Apataki Atoll, Tuamotu Archipelago

Apr 27, 2019 - National Geographic Orion

There is something special about waking at sea. We have all traveled quite a ways to get here, and the arrival day is always full of briefings, logistics, and luggage. By morning, we wake and step out from our cabins, the warmth and wind wrapping around. Far removed from land, and the sheer expanse of the South Pacific begins to sink in.

We spent the morning organizing. After a hardy breakfast, we met the expedition team and went over the operation essentials for the Zodiacs, kayaks, stand-up paddleboards, and snorkeling equipment. It was then time to get kitted out with our underwater gear.

Over the lunch hour, our captain and bridge team brought the ship through a narrow pass on the Apataki atoll, the first to be visited. These islands are so low—not much higher than the coconut palms that grow on them—that we don’t see them until we are nearly there.
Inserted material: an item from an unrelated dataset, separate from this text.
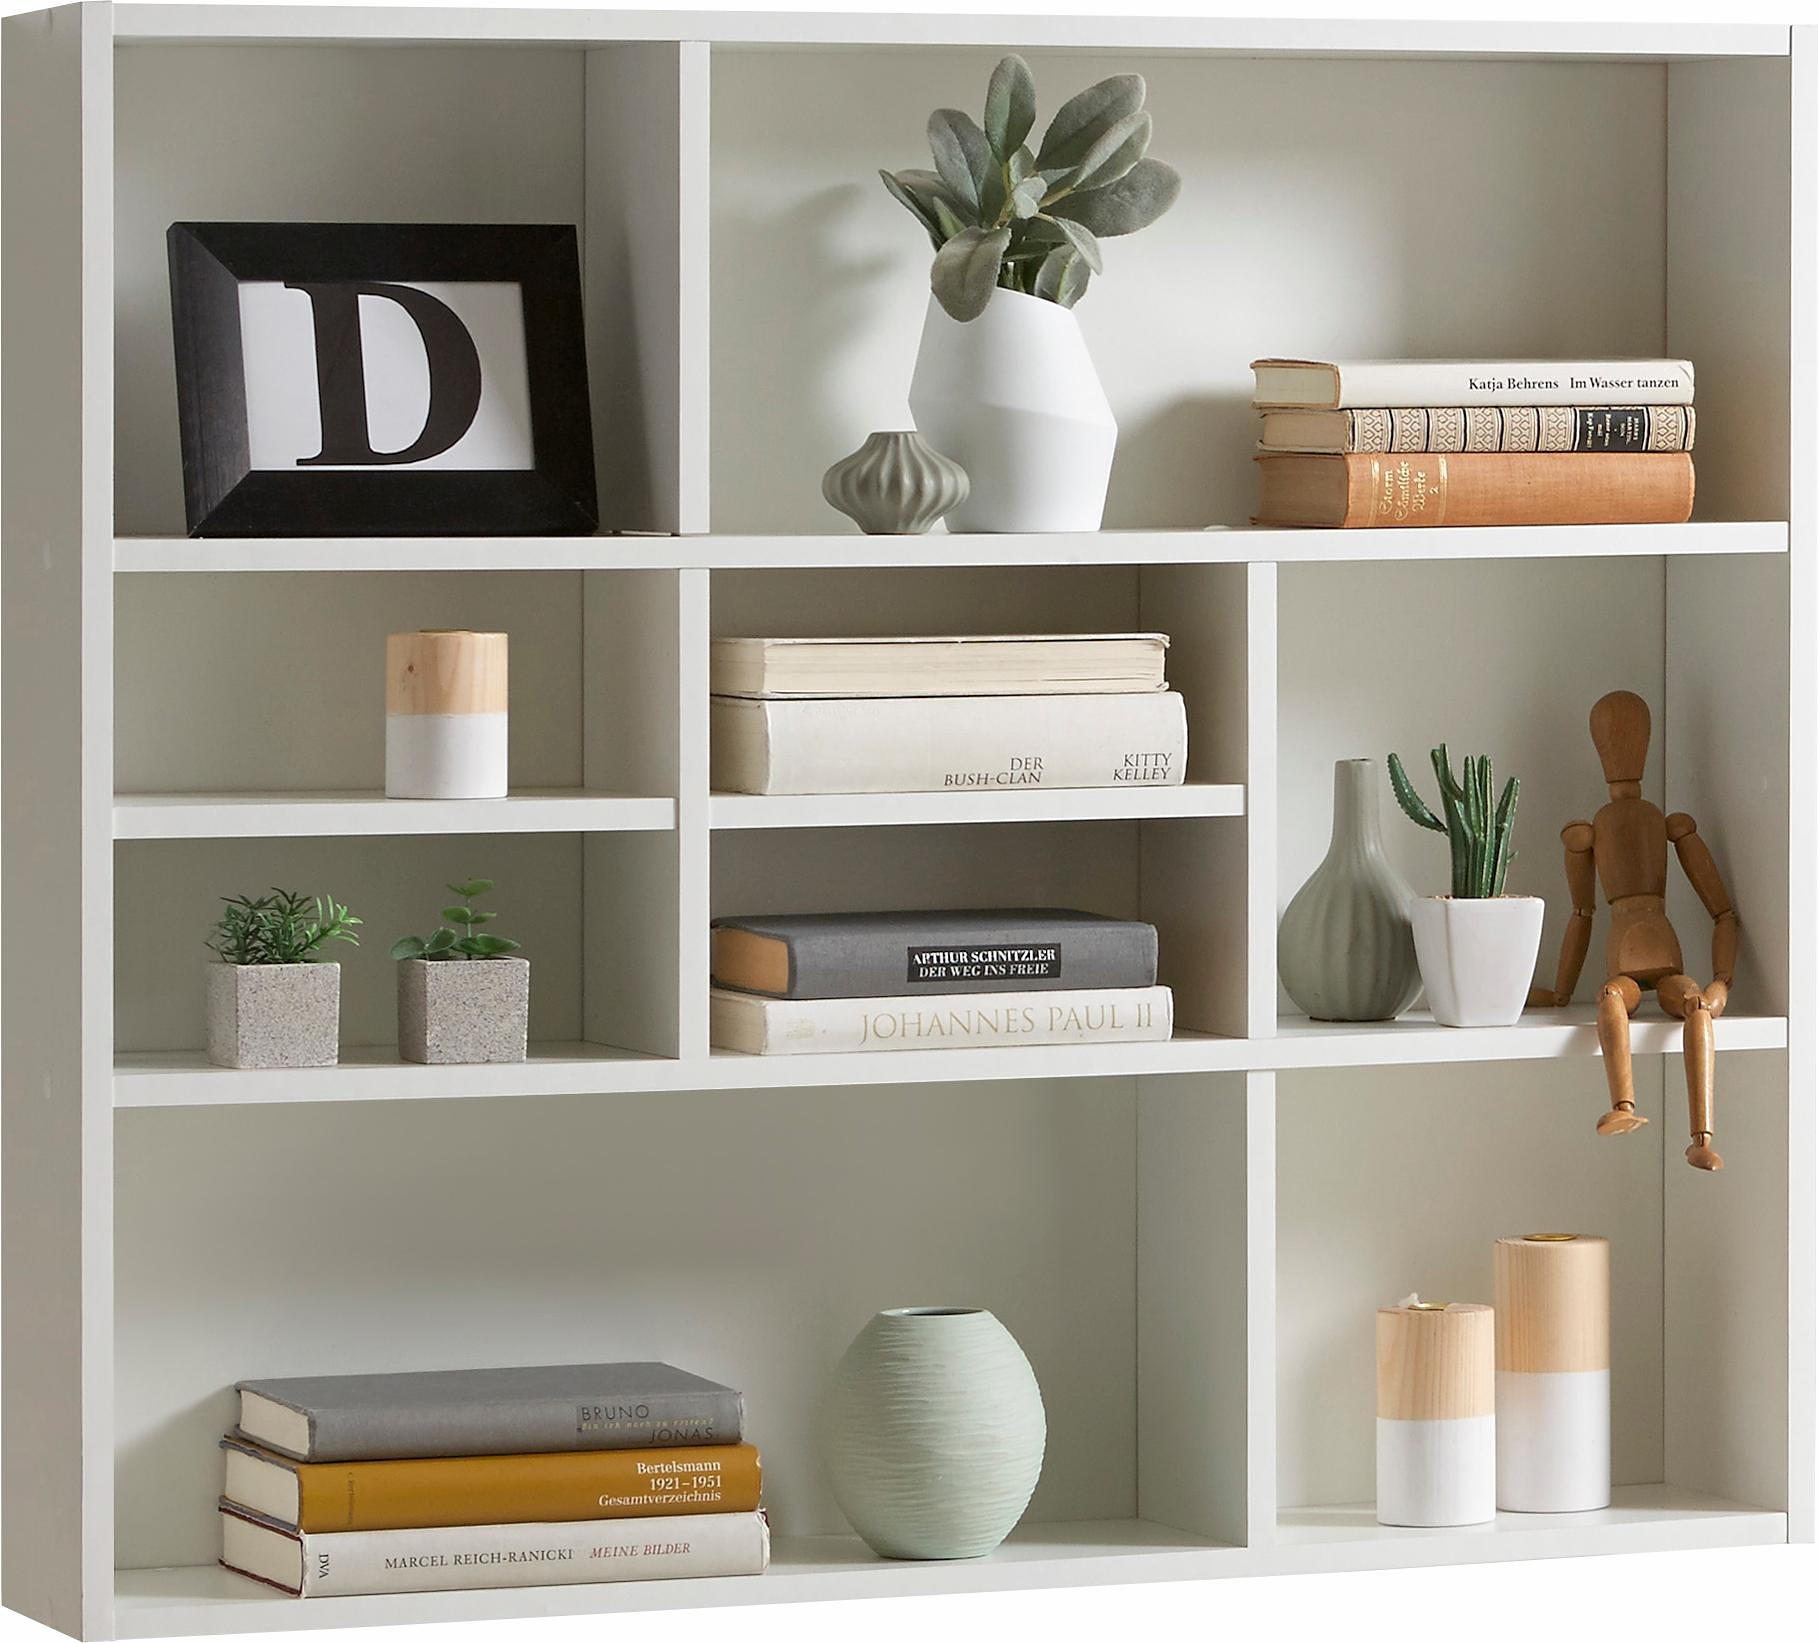 3 delig boekenkast skagen boekenwand met ladeset 3 delig home affaire open kast billie breedte 1735 cm home affaire boekenkast konrad
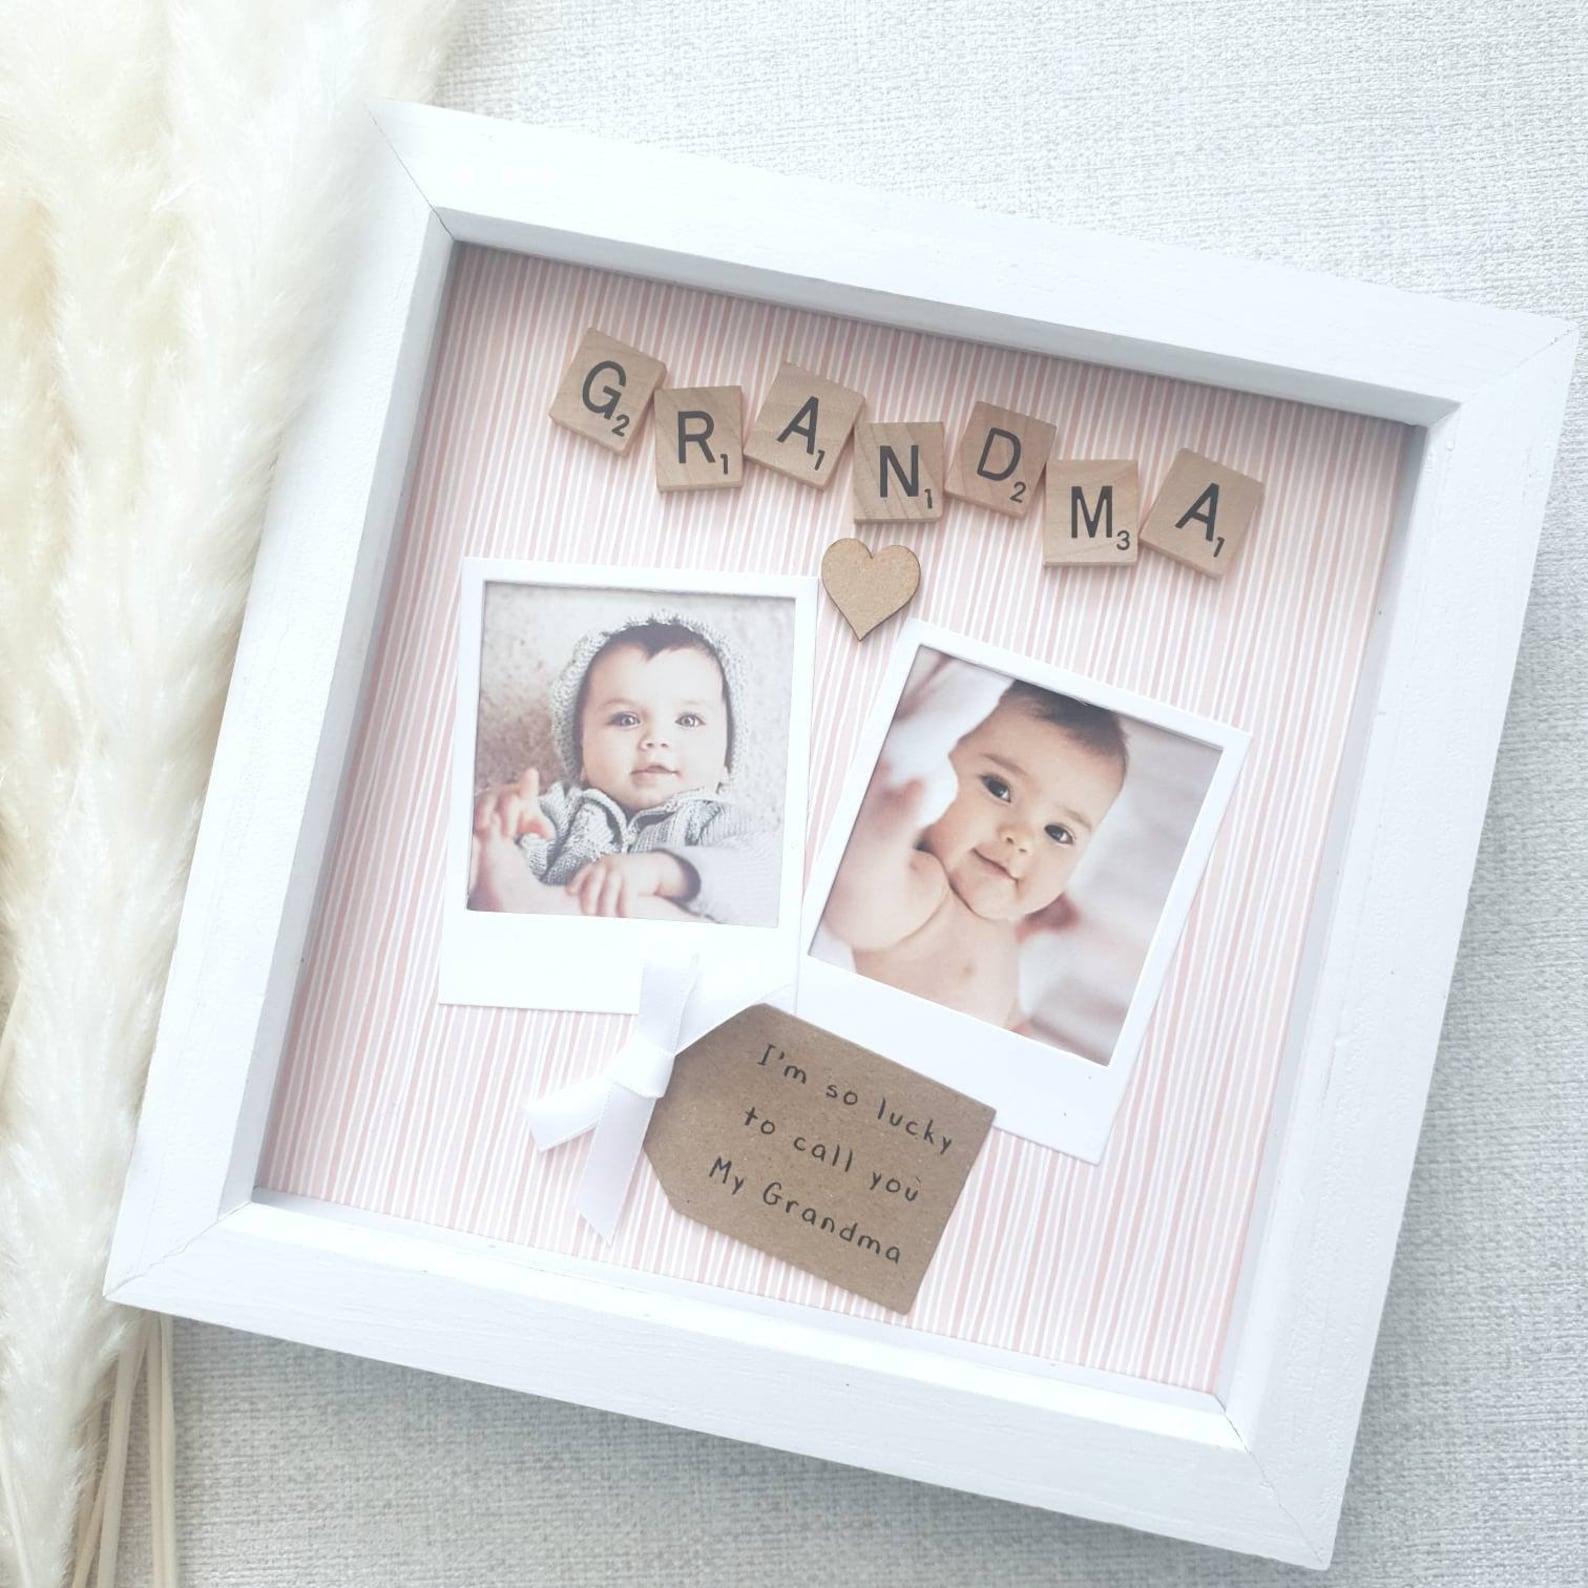 Personalised Grandma Frame

Closer to the pass, the water turned to varying shades of turquoise. As the hues began to brighten, flying fish lept from the water near our bow. We watched them surface by the dozens from just below, tracking also the black and brown noddies and brown boobies in the sky.

Waters are expansive here. The lagoon itself being too great to see across. We managed to find a nice patch of shallow coral that we could access from the beach. While some went inland for a nature walk, most kept to the lagoon. This was our first taste of Polynesia’s underwater ecosystem we’ll be exploring for the next two weeks. Luckily, our undersea specialist will give us a primer on fish identification tomorrow.

Captain Heidi Norling welcomed us all on board officially this evening before dinner. We find ourselves in welcoming company and crew, and at the beginning of two remarkable weeks of wonder and exploration ahead.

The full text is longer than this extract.